→ **Data to process**
===============

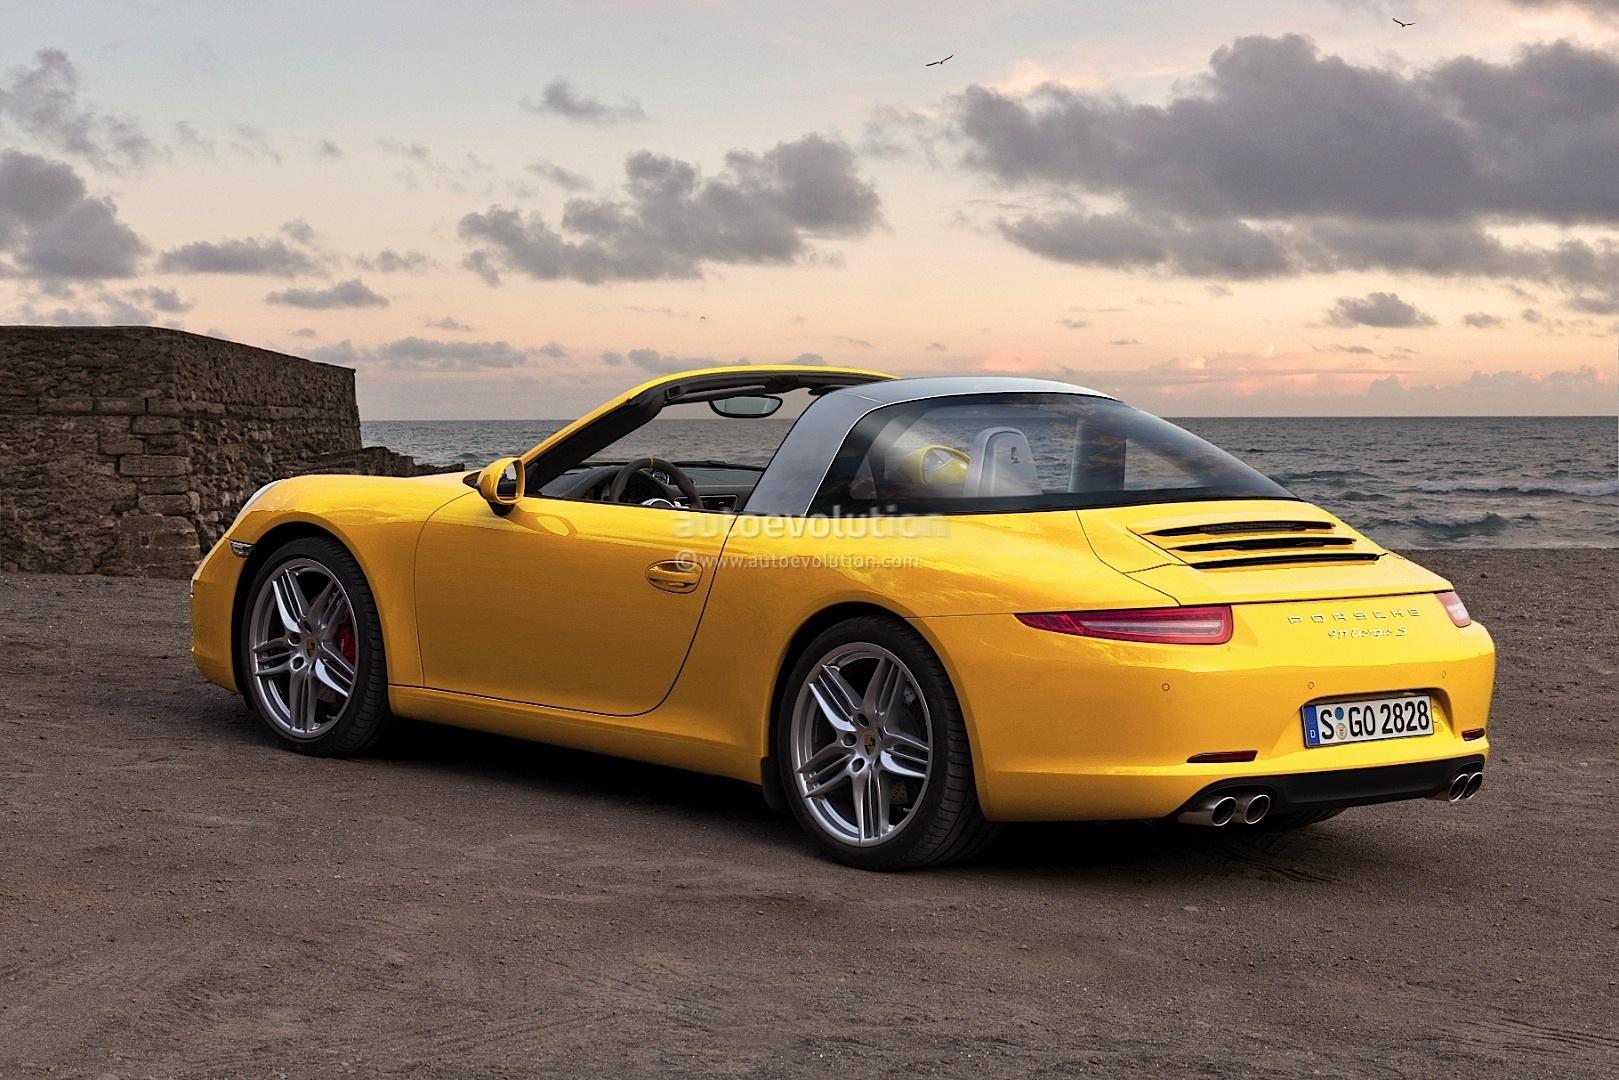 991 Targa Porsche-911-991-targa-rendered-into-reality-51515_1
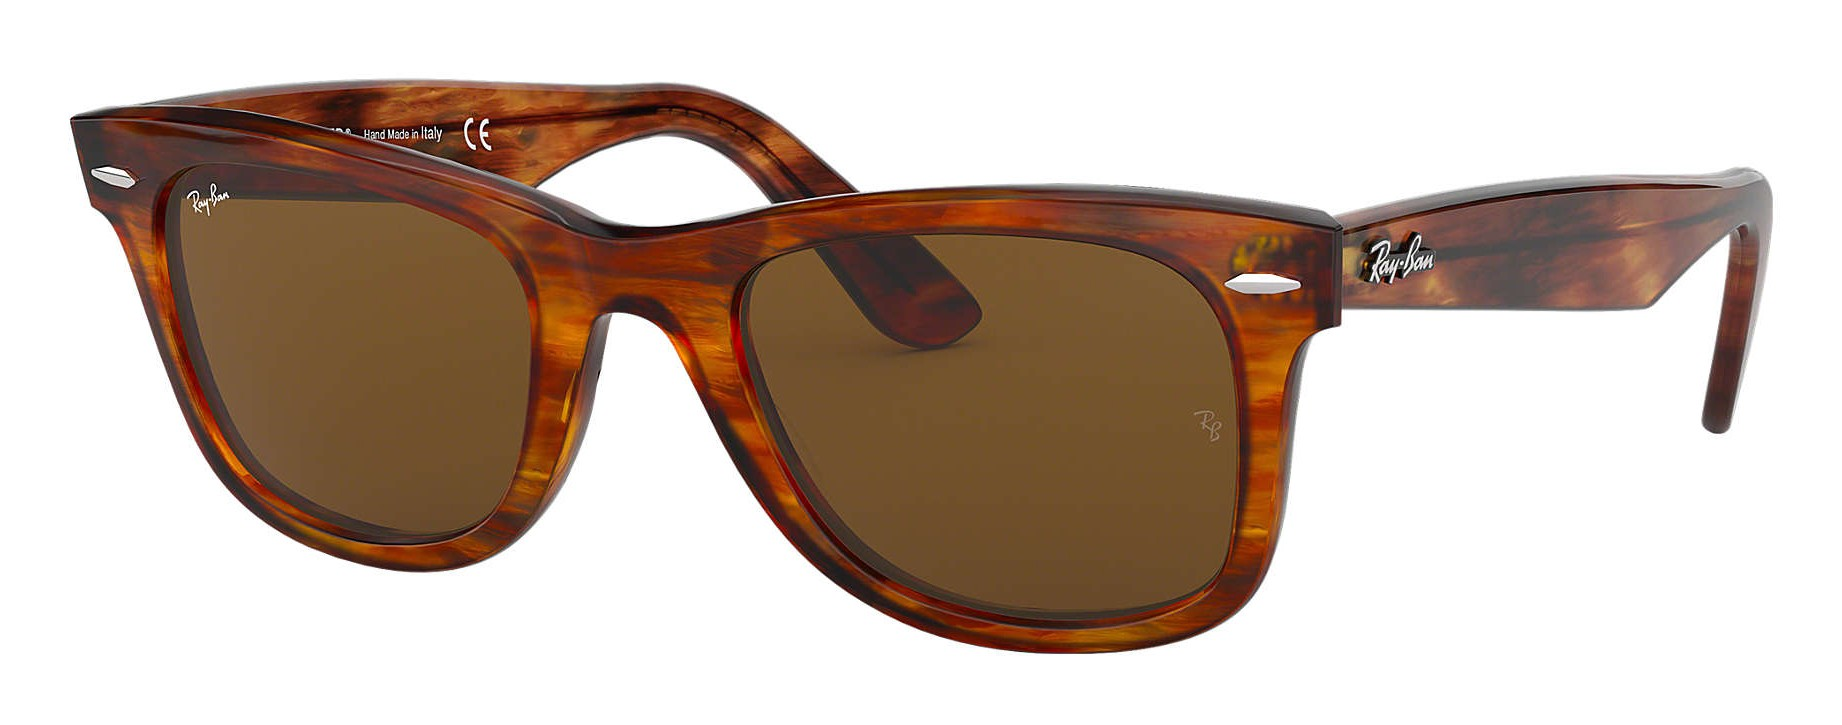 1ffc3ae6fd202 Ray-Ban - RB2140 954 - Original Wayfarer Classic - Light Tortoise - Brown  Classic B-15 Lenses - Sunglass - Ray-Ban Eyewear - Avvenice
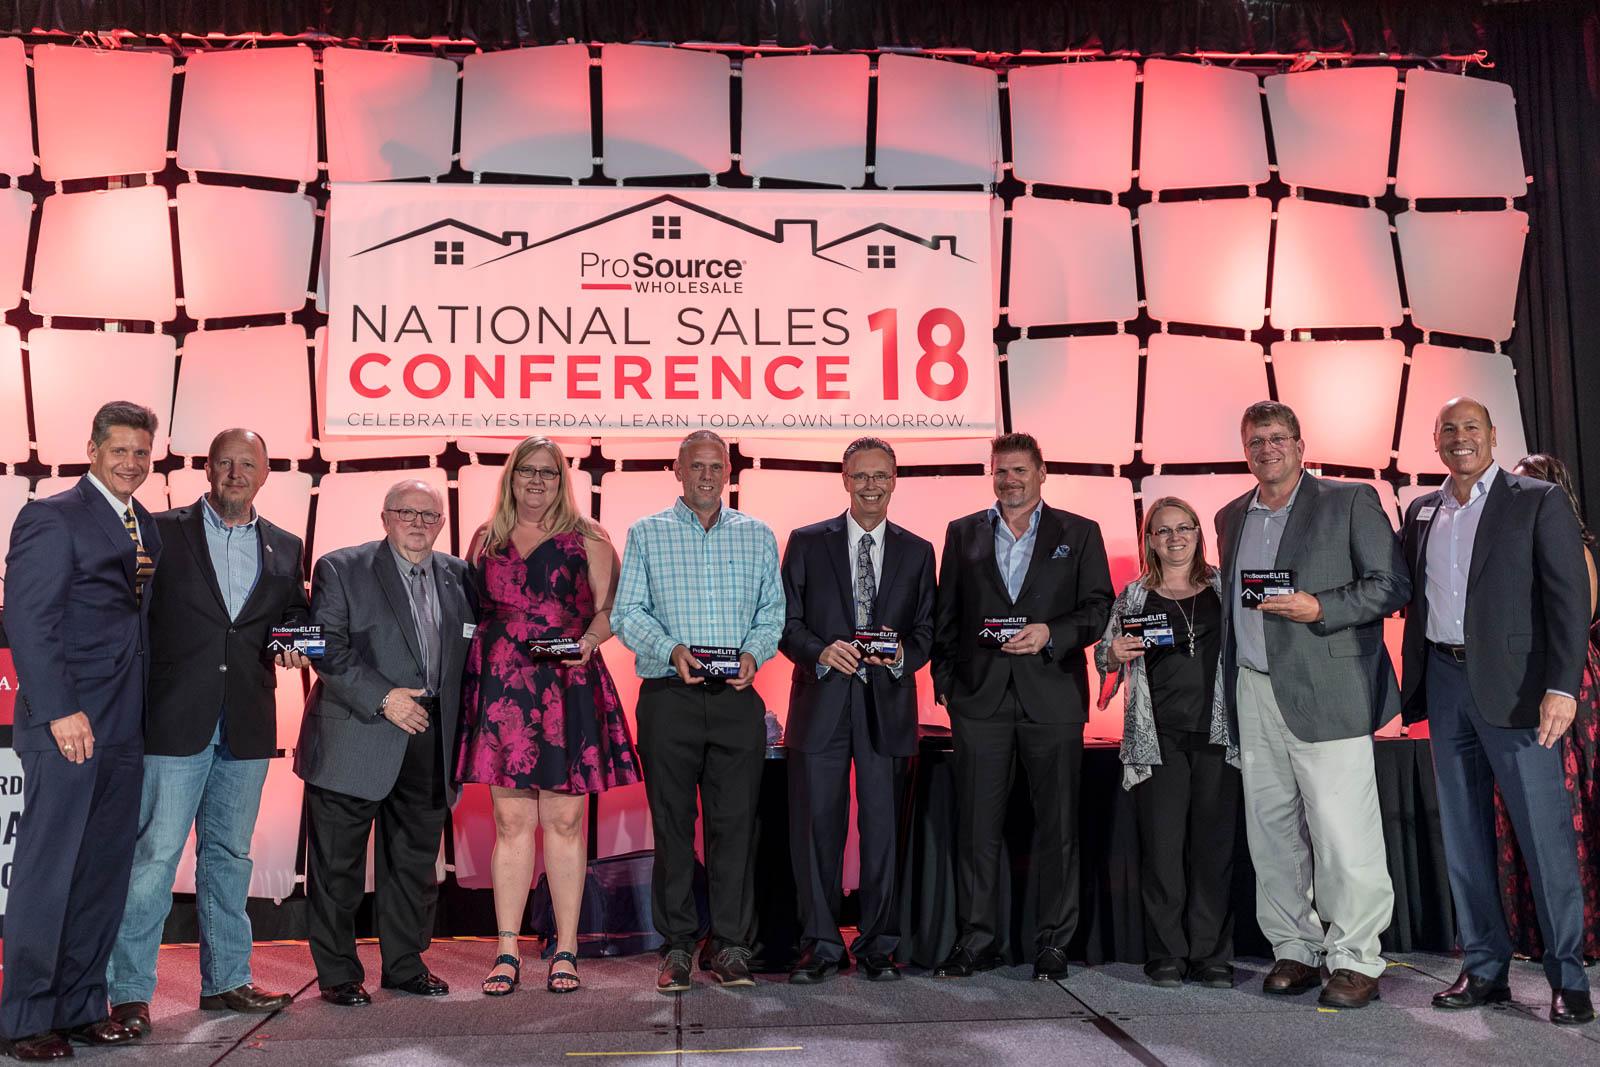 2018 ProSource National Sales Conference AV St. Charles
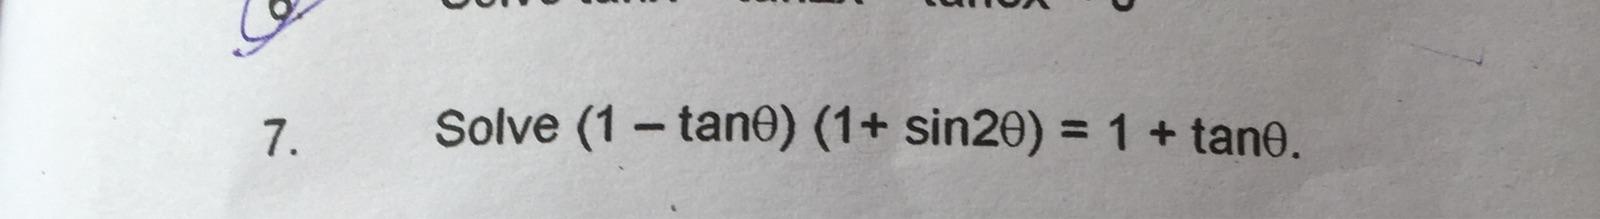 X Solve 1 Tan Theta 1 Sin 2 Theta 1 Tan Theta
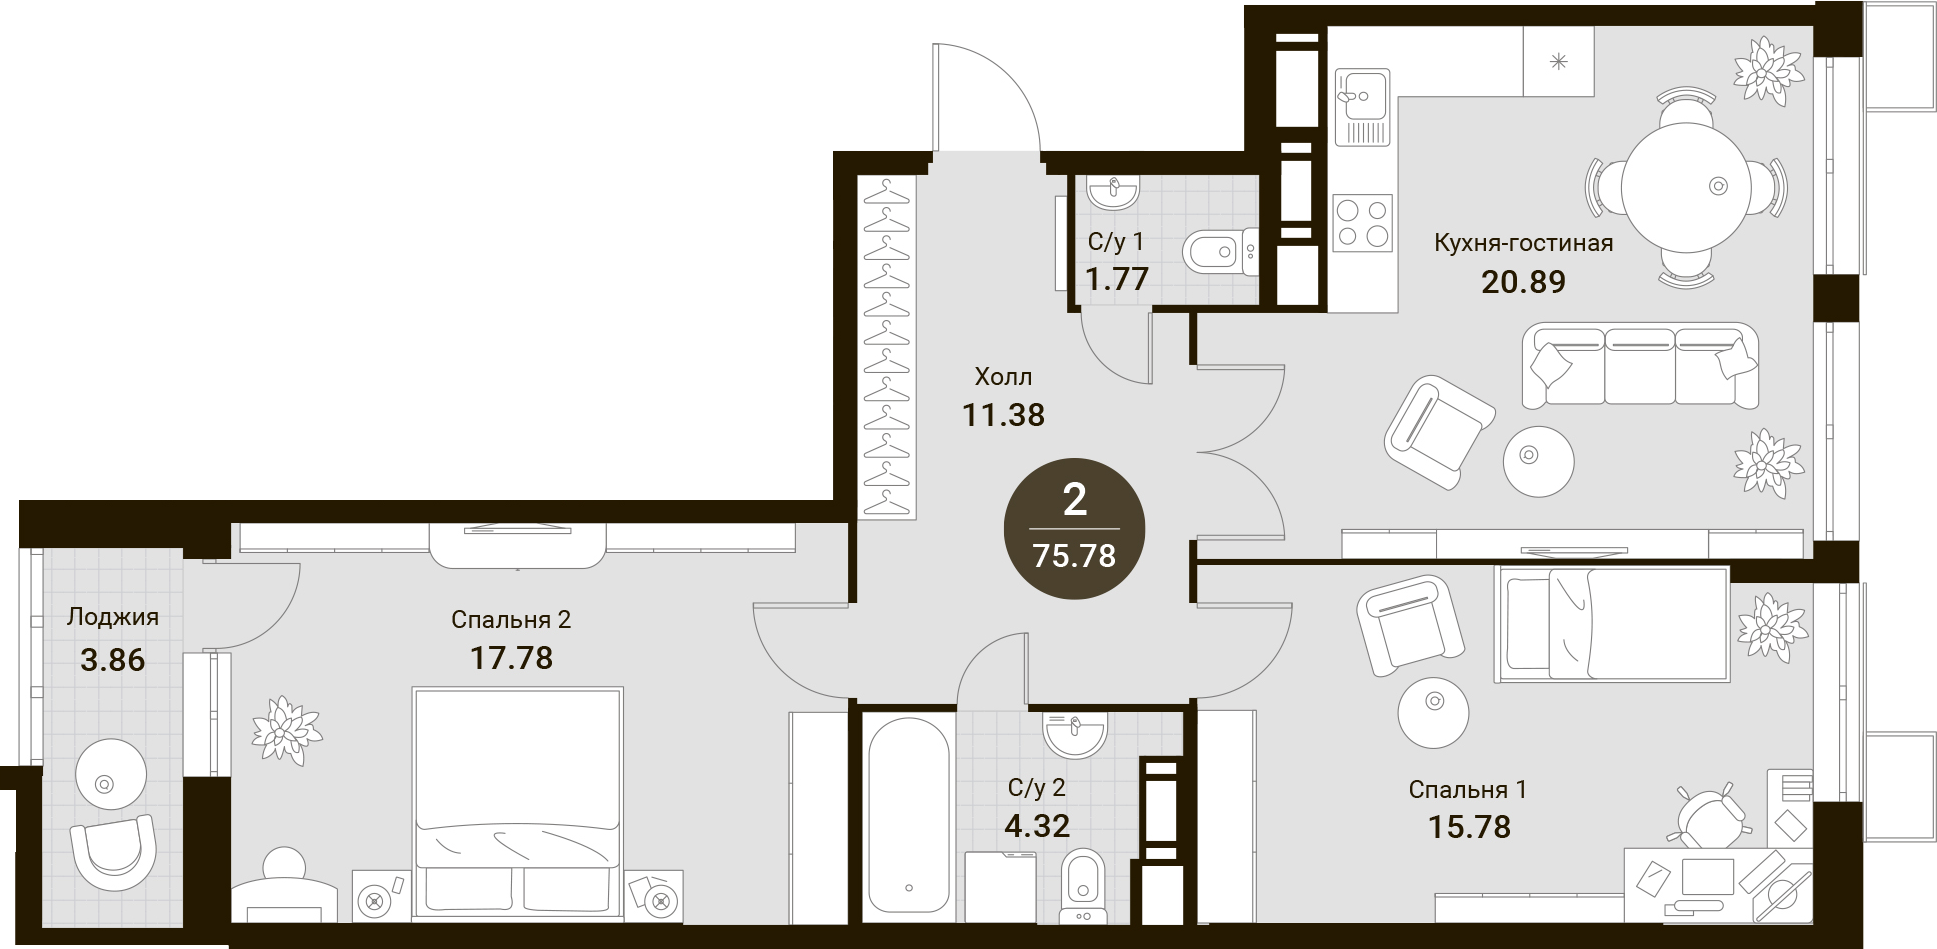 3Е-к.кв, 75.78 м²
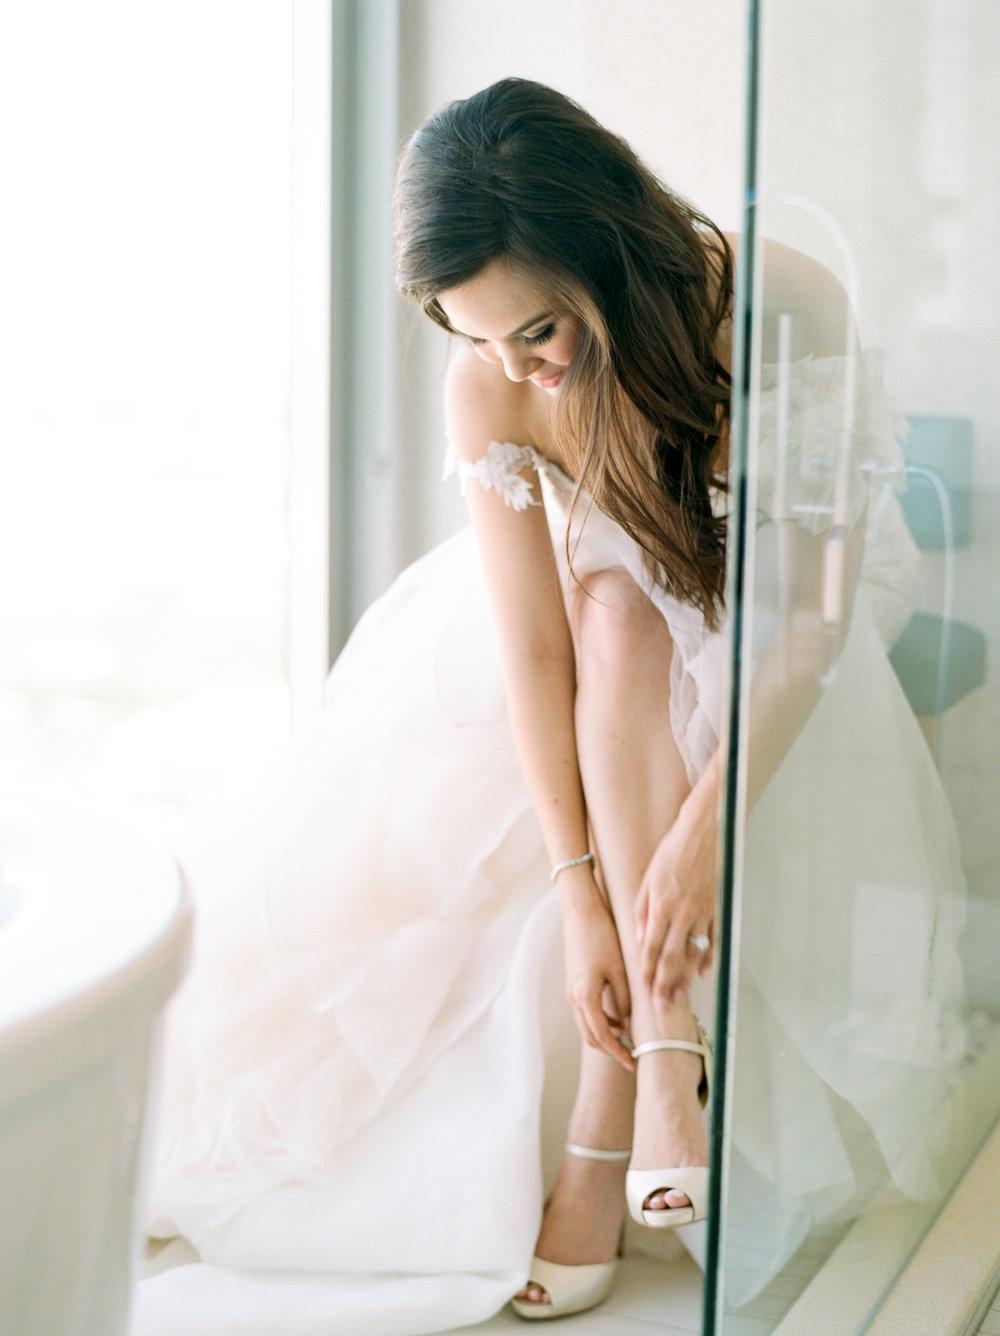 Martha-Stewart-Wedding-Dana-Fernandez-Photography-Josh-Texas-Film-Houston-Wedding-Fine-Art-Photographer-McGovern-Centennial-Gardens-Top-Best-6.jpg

===============

→ **Instructions for the task**
What is needed is an exact reprint of every entry, pictures excluded.

→ **Solution to this problem**
 991 Targa Porsche-911-991-targa-rendered-into-reality-51515_1
 1ffc3ae6fd202 Ray-Ban - RB2140 954 - Original Wayfarer Classic - Light Tortoise - Brown  Classic B-15 Lenses - Sunglass - Ray-Ban Eyewear - Avvenice
 2018 ProSource National Sales Conference AV St. Charles
 X Solve 1 Tan Theta 1 Sin 2 Theta 1 Tan Theta
 3Е-к.кв, 75.78 м²
 Martha-Stewart-Wedding-Dana-Fernandez-Photography-Josh-Texas-Film-Houston-Wedding-Fine-Art-Photographer-McGovern-Centennial-Gardens-Top-Best-6.jpg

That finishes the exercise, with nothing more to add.